Vorzeitige Zellalterung im Muskel
An diesem Punkt setzt die Studie von Moiseeva und ihrem Team an. Denn die Forschenden wollten wissen, welche Rolle seneszente Zellen für die Geweberegeneration spielen. Diese Zellen haben das Ende ihrer Lebenszeit erreicht und werden daher von zelleigenen Programmen stillgelegt: Sie teilen sich nicht mehr, um eine altersbedingte Entartung zu verhindern, bleiben aber in einer Art Ruhezustand in den Geweben erhalten. “Über die Verbreitung dieser seneszenten Zellen und ihre Rolle bei der Geweberegeneration war bisher aber kaum etwas bekannt”, erklären die Wissenschaftler. Dies lag vor allem daran, dass es an eindeutigen Markern für Zellen im seneszenten Stadium fehlte, sie sehr unterschiedlich erschienen und schwer zu isolieren waren. Um Abhilfe zu schaffen, haben Moiseeva und ihre Kollegen zunächst einige möglicherweise typische Stoffwechselmoleküle seneszenter Zellen in Muskelgewebe identifiziert und deren Produktion bei lebenden Mäusen mit einem Fluoreszenzmarker sichtbar gemacht.

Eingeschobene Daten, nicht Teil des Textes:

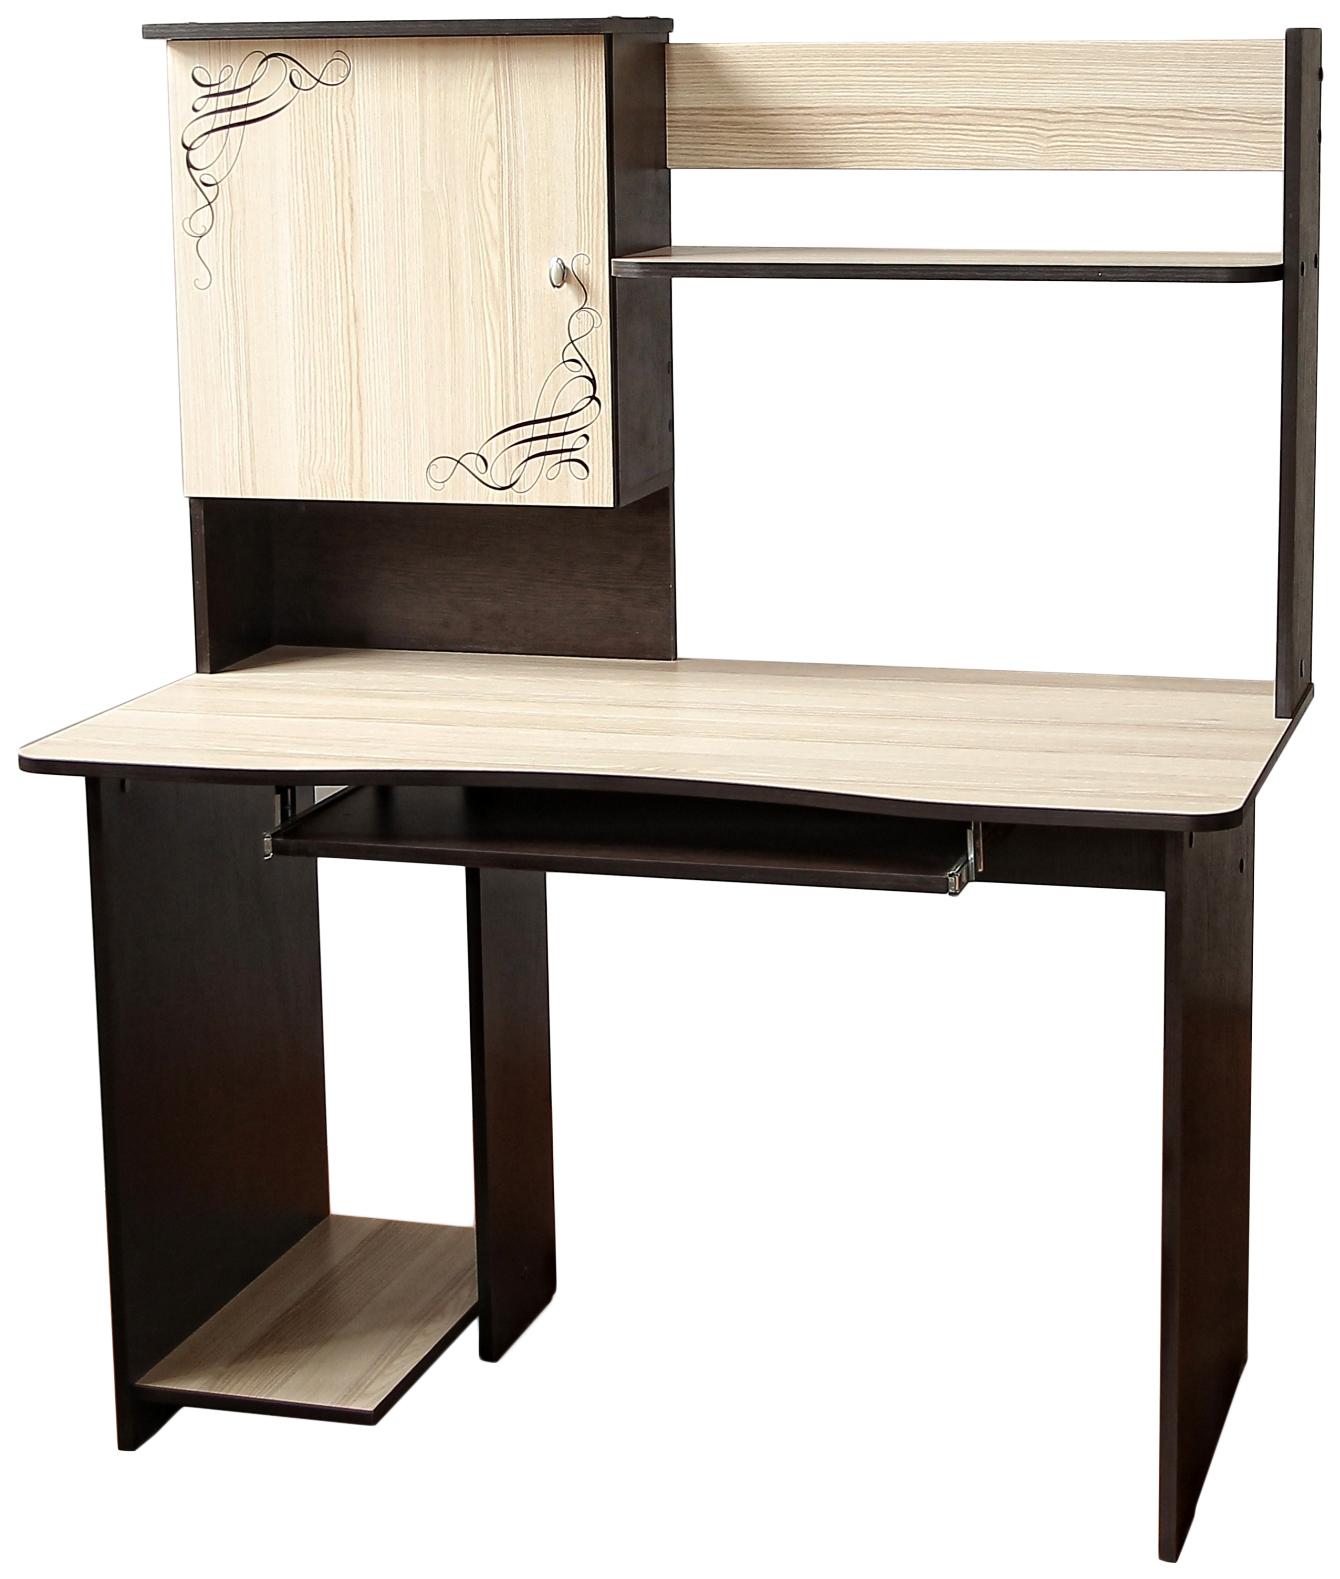 Компьютерный стол Бител СК-6 BTL_SK-6 120x63x144, бежевый/коричневый

Dies ermöglichte es dem Team, die Verteilung seneszenter Zellen in den Muskeln von jungen und alten Tieren und in Tieren mit einer Muskelverletzung zu beobachten. Es zeigte sich: In den jungen, gesunden Muskeln waren kaum alte Zellen zu finden. Das änderte sich jedoch, wenn die Mäusemuskeln alterten oder verletzt wurden. Dann reicherten sich seneszente Zellen vor allem in den Stammzellnischen der Muskeln an – an den Orten, von denen eigentlich die Gewebereparatur ausgehen sollte. Nähere Analysen enthüllten, dass diese rapide Anreicherung dadurch ausgelöst wurde, dass viele ältere, aber noch funktionsfähige Zellen in diesen Nischen plötzlich in den seneszenten Zustand fielen. “Nach einer Verletzung werden einige Muskelzellen seneszent und erzeugen dadurch ein vorzeitig gealterte Mikroumgebung”, erklärt Co-Autor Antonio Del Sol von der Universität Luxemburg. Die betroffenen Zellen zeigen starken oxidativen Stress und vermehrte DNA-Schäden, die sie dann in den Alterungszustand treiben.